# Portable Back Rub Ideas?



## Welshmom (Sep 7, 2008)

I'm looking for sources for design ideas for a portable back rub frame. I rotationally graze and want to build something from wood I can move with the cattle. This would hold a standard 10 ft. back rub.

Thanks


----------



## ErinP (Aug 23, 2007)

Why not just put in fence posts like a typical rub, and then move your rub when you rotate and leave your posts til next time?


----------



## ramiller5675 (Mar 31, 2009)

If you read through the whole thing, there are a number of different ideas at: 

http://www.noble.org/Ag/Forage/CattleRub/


----------



## Welshmom (Sep 7, 2008)

Hm- in order for the rub to be high enough for the cattle to get under, the posts would have to be quite tall, I'd think, at least 5' above ground, and since this is my first year with this pasture, I want to see where my paddocks wind up -sometimes paper, pencil and reality differ! I like the versatility of something mobile. I've already had them on 8 different paddocks in the last 20 days, and we have many more to go.


----------



## ErinP (Aug 23, 2007)

Oh I see. 
You're not just rotating, you're doing intensive grazing. In that case, no, you don't want to plant posts in every "pasture!" 
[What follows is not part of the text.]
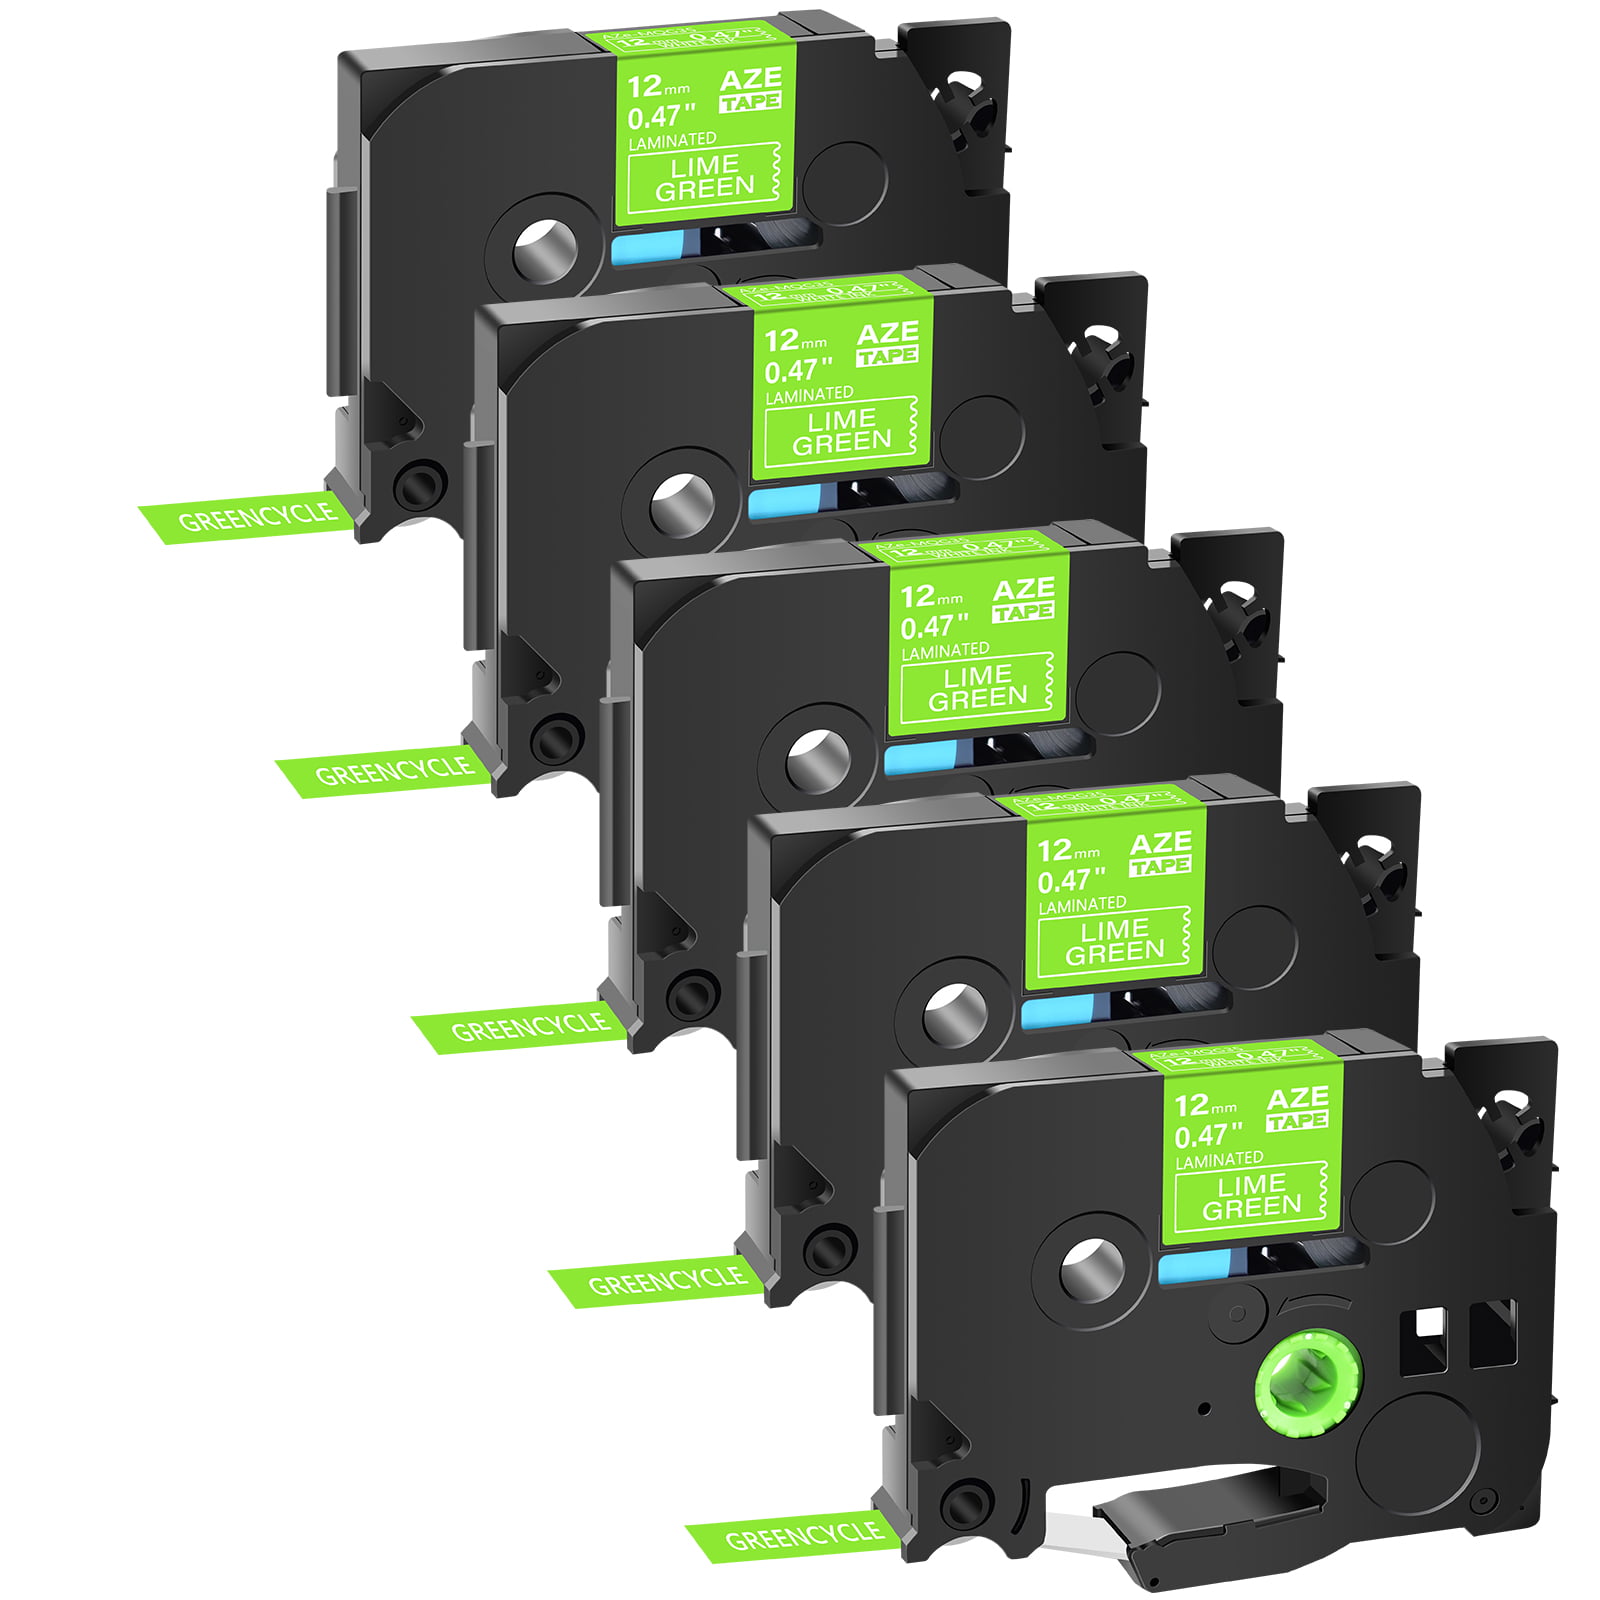 5 Pack TZe-MQG35 White on Lime Green Label Tape For Brother P-Touch PT-1880 1/2"

So what are you doing for water? 
(DH and I have looked at managed grazing since our pasture is only 40 acres, but we aren't sure we want to haul water, or worse, string that many water lines)


----------



## Madsaw (Feb 26, 2008)

Have you thought of useing one of the older style oiler/rubs and mount one end on wheels and hitch on the other to pull it around? I will get a pic of one I bougth to use yrs ago but never did.
Bob


----------



## ufo_chris (Apr 30, 2010)

If you set your grazing up like Agmantoo in the rotational grazing sticky you only have to put up one ,the same way they get to the water and shade from each sectioned off paddock.
Chris


----------



## TK04 (Apr 8, 2009)

We built a portable rub by making it look like an upside down T clothesline but weld a pipe between the pipes that would normally be set in the ground. Then we just tie the rub to each upright pipe. It is portable for us using our skidloader with the bale spear or bucket. We are considering extending one end of it to hang a barrel mineral feeder off so that goes with them as well. Easier than moving the tire with tub in it.


----------



## agmantoo (May 23, 2003)

I have posted this before. It is homemade and on skid runners so that it can be towed from place to place.


----------



## Critter Keeper (Nov 1, 2007)

agmantoo said:


> I have posted this before. It is homemade and on skid runners so that it can be towed from place to place.


agamantoo,

Neat setup. After reading the rotational sticky I would guess this is also your mineral feeder ??

Cindy


----------



## CrashTestRanch (Jul 14, 2010)

agmantoo said:


> I have posted this before. It is homemade and on skid runners so that it can be towed from place to place.


Hey Agmantoo,

How do the shorter calves take advantage of the rub setup you have there? 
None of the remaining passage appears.